I won't lie: any day one of these child porn scumbags is caught is a good day. Even so, the story makes no sense. The FBI doesn't know how to remove Spyware? Any technician worth their salt would run DBAN and that would be the end of it. Yet the FBI went though what sounds like a two step process to wipe this thing, yet failed? I'm not buying it. At the same time though, I have no idea why this guy would have any reason to suspect that the principle would immediately start using his son's laptop upon return, nor any reason to think he was looking at child porn. This story is such a hodgepodge of plausible and impossible... I need a freaking drink.
Only about 70% of the time.
Lost at C:>. Found at C.
> by having FBI agents scrub the computer and by taking it
> to a computer repair shop to be re-imaged.
wow..... um.... I am really curious as to how it did this. Something smells fishy. I can understand it surviving a "scrub", since anyone who does systems work should know that there are many places in a modern os to hide, and unless you know exactly what it does and how it hides, its impossible to say for sure a system has been cleaned.
However, the pc shop? maybe they didn't really "re-image" it, but instead did their own quick "scrub" and ran something like sysprep?
Otherwise maybe they just did a reinstall from a hidden factory reinstall partition? I could see something hiding up in there but....
I dunno, it seems like it HAS to be something along one of those lines. Aside from that...if it really was incidental...well.... accidents do happen, and sometimes they end up biting the best possible people.
In any case, I think the circumstances do sound fishy, and in no way should what he caught excuse what he did if it wasn't accidental, so there should be serious investigation into that too....but I could see that just turning up technical incompetence rather than malfeasance....
That is, unless it turns up fraud on the part of the PC Repair shop.... very likely they did not do the job they were paid to do.
"I opened my eyes, and everything went dark again"
Step 1: Install spyware on a computer and then "scrub" such computer
Step 2: Report activities on such computer to authorities, make sure to flash FBI card
Step 3: Wait for reports of internet activity to come in and report anything that is morbidly fascinating; triple points for child porn
Step 4: No evidence?

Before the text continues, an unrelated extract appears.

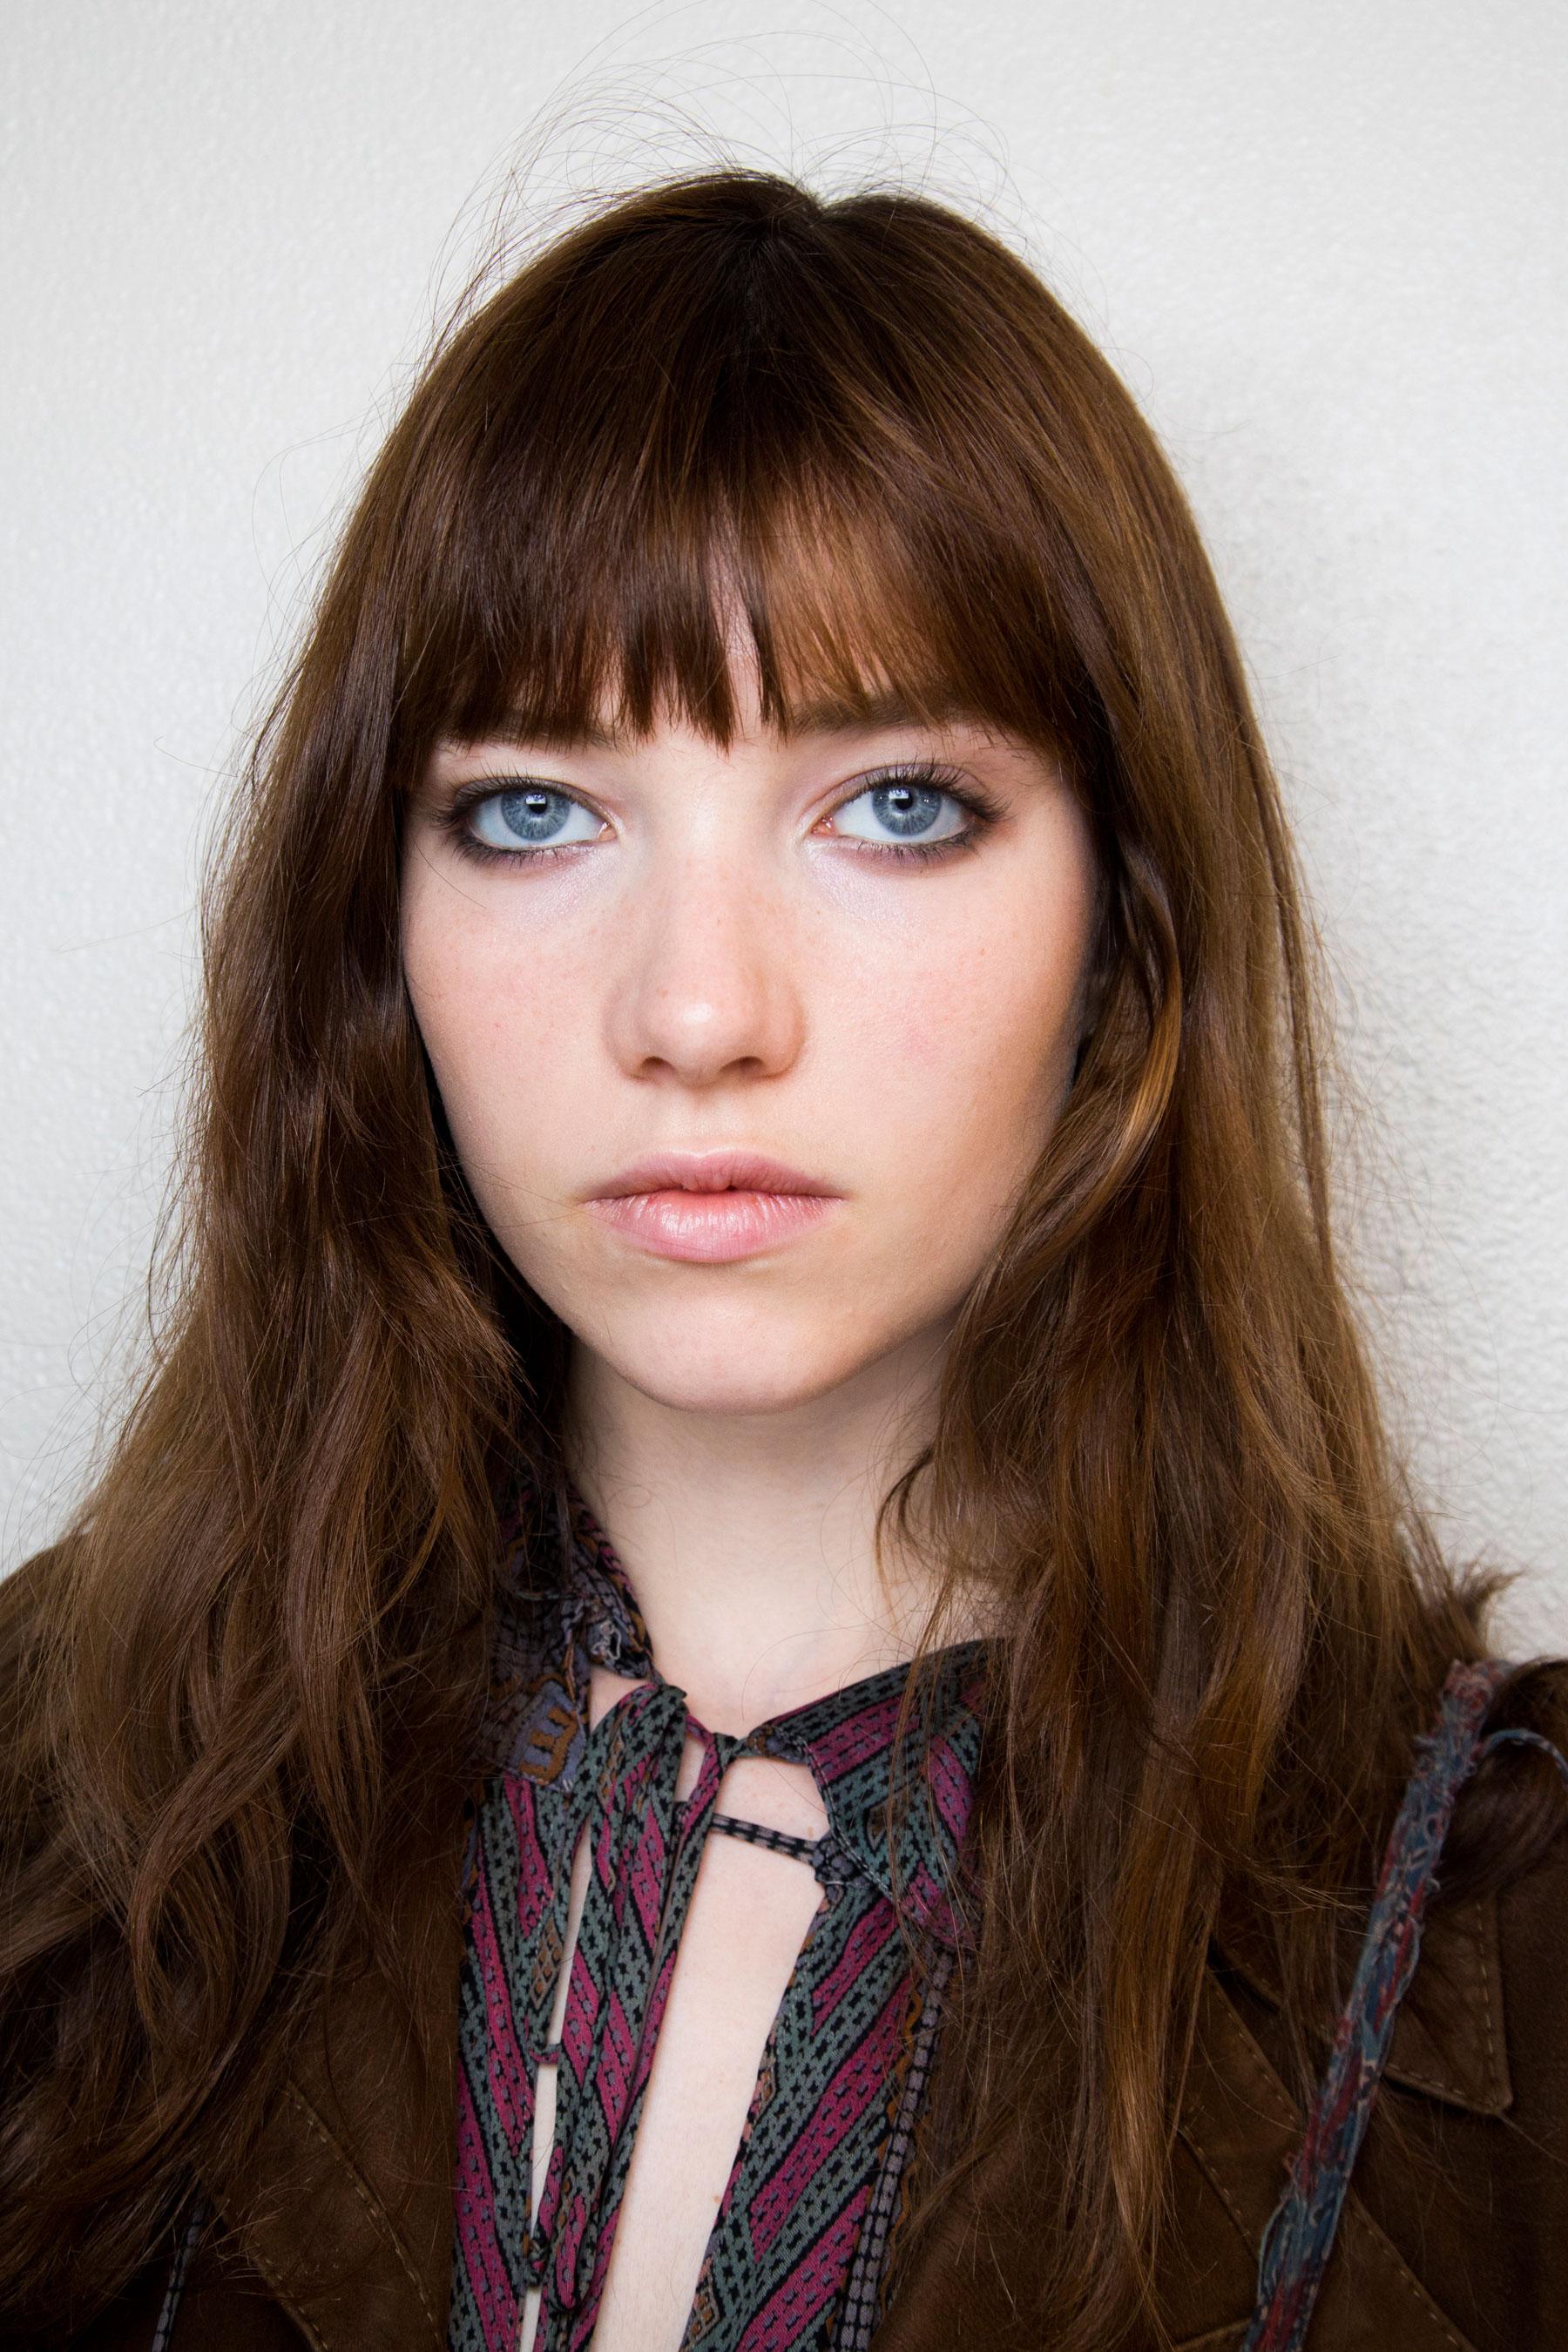 Chloe-spring-2016-beauty-fashion-show-the-impression-102

Computer MIA? Get computer user to admit to wrong doing!
Step 4: ?
Step 5: Promotion!
So, it comes to this.
The "FBI" didn't wipe his computer. He simply asked his co-workers for some help. Apparently neither he nor they were particularly tech-savvy so he took it to a computer shop. He probably asked the shop owner to remove "all of my kid's games and stuff". I imagine that this spyware tries to mask itself so that kids cant just find it and uninstall it. The shop owner probably just uninstalled all of the "games and stuff" and then returned it.
The problem is that a person who was so confused by removing software that he had to go to a "computer shop" is trying to tell you what he did. He didn't get the FBI to clean the machine, he simply asked his co-workers who didn't know either. This also happened in Saipan, not New Jersey. The FBI has a small office, not a high tech lab.
The FBI agent screwed up by not notifying authorities immediately(he tried to solve the case himself), but he was probably concerned that the evidence wouldn't hold up in court. Lucky for everyone, the Judge seems like he was willing to stretch the letter of the law to punish a clearly guilty man.
I'm 95% confident that I said it was 84% of the time.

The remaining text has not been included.